# Introduction to Statistics Part II


Now that we have learned how to use the mean and median, we'll talk about some more advanced statistics.

In [None]:
# import pandas and numpy



## Count Statistics

*Count variables* are variables which represent the number of events that occur of a specific category. This can be anything, like the number of dogs in a park or how many people went to a concert. For both of these examples, each of the counts must be *whole numbers*, i.e. `int` data type. 

Run the cell below to load a listing of the weather in Detroit for every day since 1950:

In [None]:
data_table = pd.read_csv('../SampleData/detroit_weather.csv') # Data from Mathematica WeatherData, 2019

Take a look at the contents of `data_table`:

In [None]:
# Run head on data_table to look at its contents



In [None]:
# Run tail on data_table to look at its contents



This table contains if it was snowing and if it was raining for each day in Detroit since 1950. We will use this as an example dataset.

In [None]:
# Lookup the weather for May 1, 2019:


In [None]:
# another way to do the same thing is chain together multiple calls to query
data_table.query('YEAR == 2019').query('MONTH == 5').query('DAY == 1')

As we can see, it was raining, but not snowing that day!

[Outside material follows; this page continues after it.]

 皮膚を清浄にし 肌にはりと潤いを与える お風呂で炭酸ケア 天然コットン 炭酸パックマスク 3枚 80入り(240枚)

Now, let's create some count statistics! To do this, we will use the `Counter` **module** from the `collections` **package**. Let's import it! 

In [None]:
# Import the Counter class from collections to help us do the counting

from collections import Counter

`Counter` summarizes any `list` with the counts of all its unique variables:

In [None]:
# Create a list and count it using Counter

Counter([1,1,1,1,1,2,2,2,2,2])

Now, let's count the weather data!

In [None]:
# Count how many days it has snowed in Detroit since 1950:



It looks like it has snowed 4,235 days in that time period, that is a lot!

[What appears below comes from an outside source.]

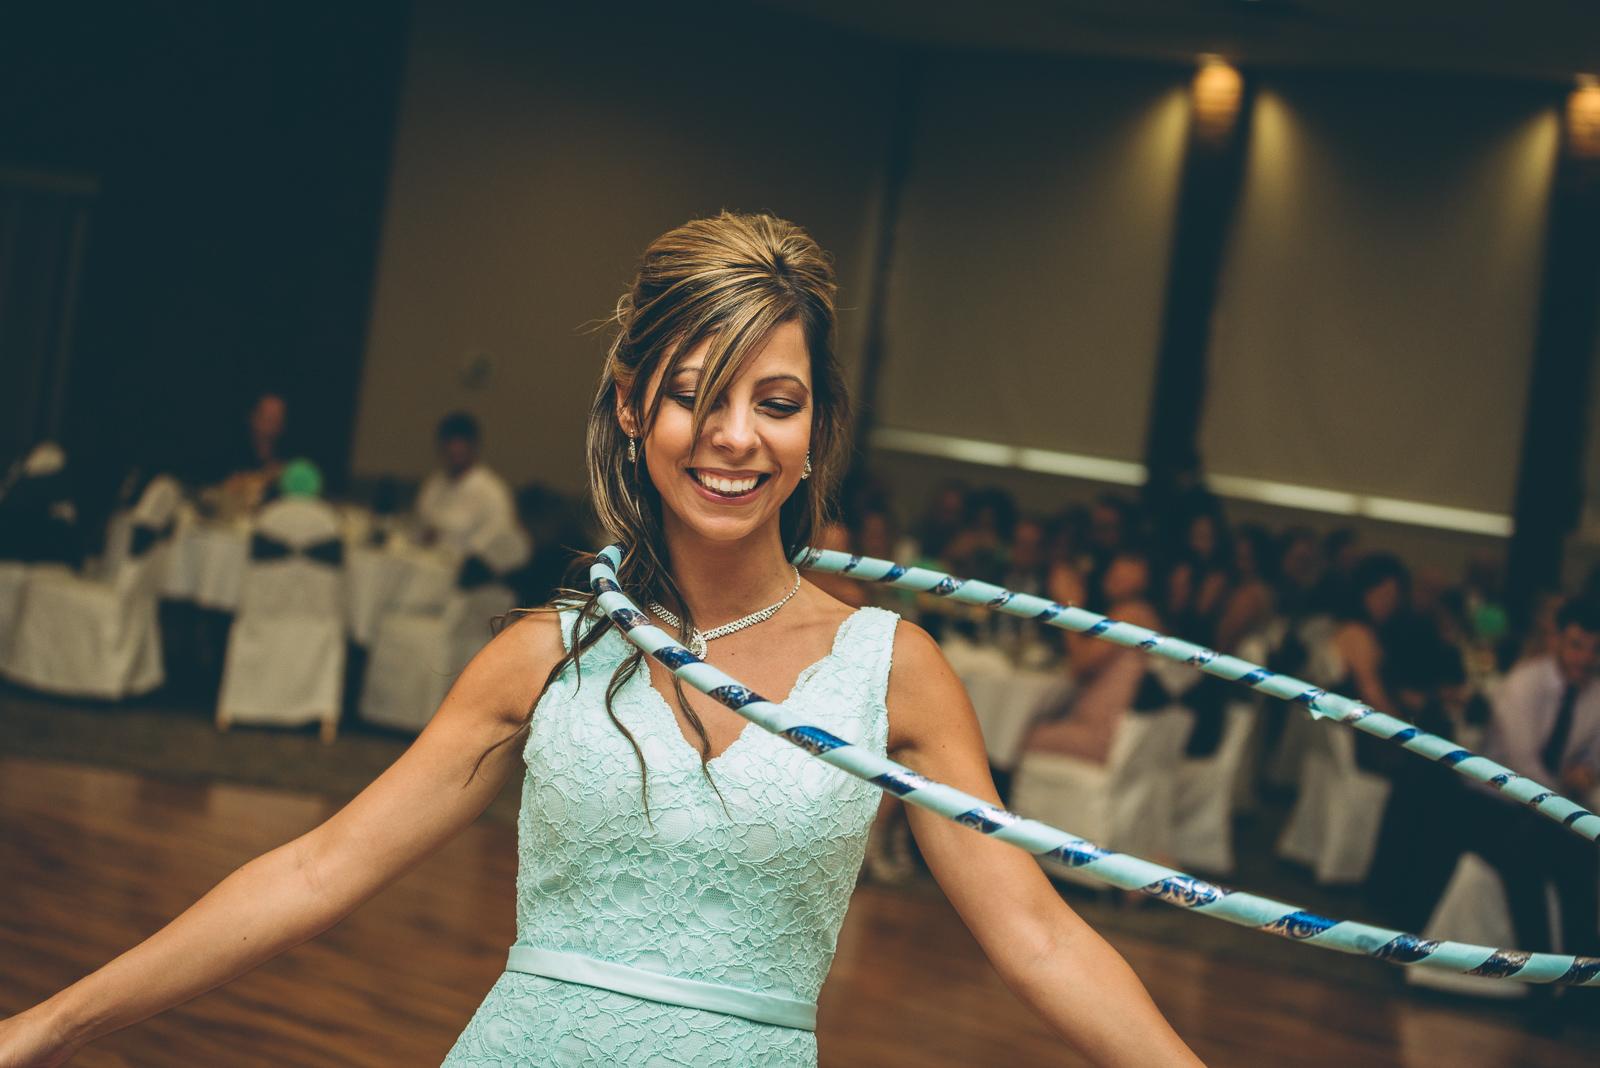 dan-josie-wedding-blog-246.jpg

This `Counter` variable functions a lot like a dictionary object - we haven't talked about this data type in this course, but essentially its a way of mapping **keys** to **values**. We can access the **values** associated with each **key** in a similar way that we index lists. For example, if we wanted to get the total number of snow days in our data set:

In [None]:
# snow days where value == True



Let's break this down a little more granuarly. How are these 4235 total snow days distributed across our 12 months?

In [None]:
# Count how many days *per month* it has snowed since 1950 and print



What about the days that is *has not* snowed per month?

In [None]:
# How many days *per month* has it NOT snowed since 1950 and print?



## Percentages

A *percentage* is a number between 0 and 1 which represents the fraction of a given variable that meets a given condition. i.e. if there are 28 dogs and 45 cats at the humane society, the percentage of adoptable animals that are dogs is:

In [None]:
28/(28 + 45)

First, let's calculate the percentage of all days since 1950 that have been snow days using the variable `snow_days` from above.

In [None]:
# percentage of all days since 1950 that have been snow days


Now, let's calculate the percent of January days that have had snow since 1950. To do this, we first need the total number of January days since 1950.

In [None]:
# How many days TOTAL have there been in each month since 1950?

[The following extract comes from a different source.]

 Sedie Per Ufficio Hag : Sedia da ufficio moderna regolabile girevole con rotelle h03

Now let's use the `snow_days_by_month` and `days_by_month` variables to isolate the **values** associated with the **key** for January to calculate the percentage.

In [None]:
# Find the percentage of days in January where it snowed:



A percentage of 51% means that half the January days since 1950 have seen snowfall. 

Now let's do the same for June.

In [None]:
# Now do the same for June:




It shouldn't come as much suprise that it doesn't snow much in summer!

In this lesson you learned how to:

* Calculate count statistics using data from `pandas`
* Calculate percentages from count statistics
     
Now, lets continue to practice with your partner!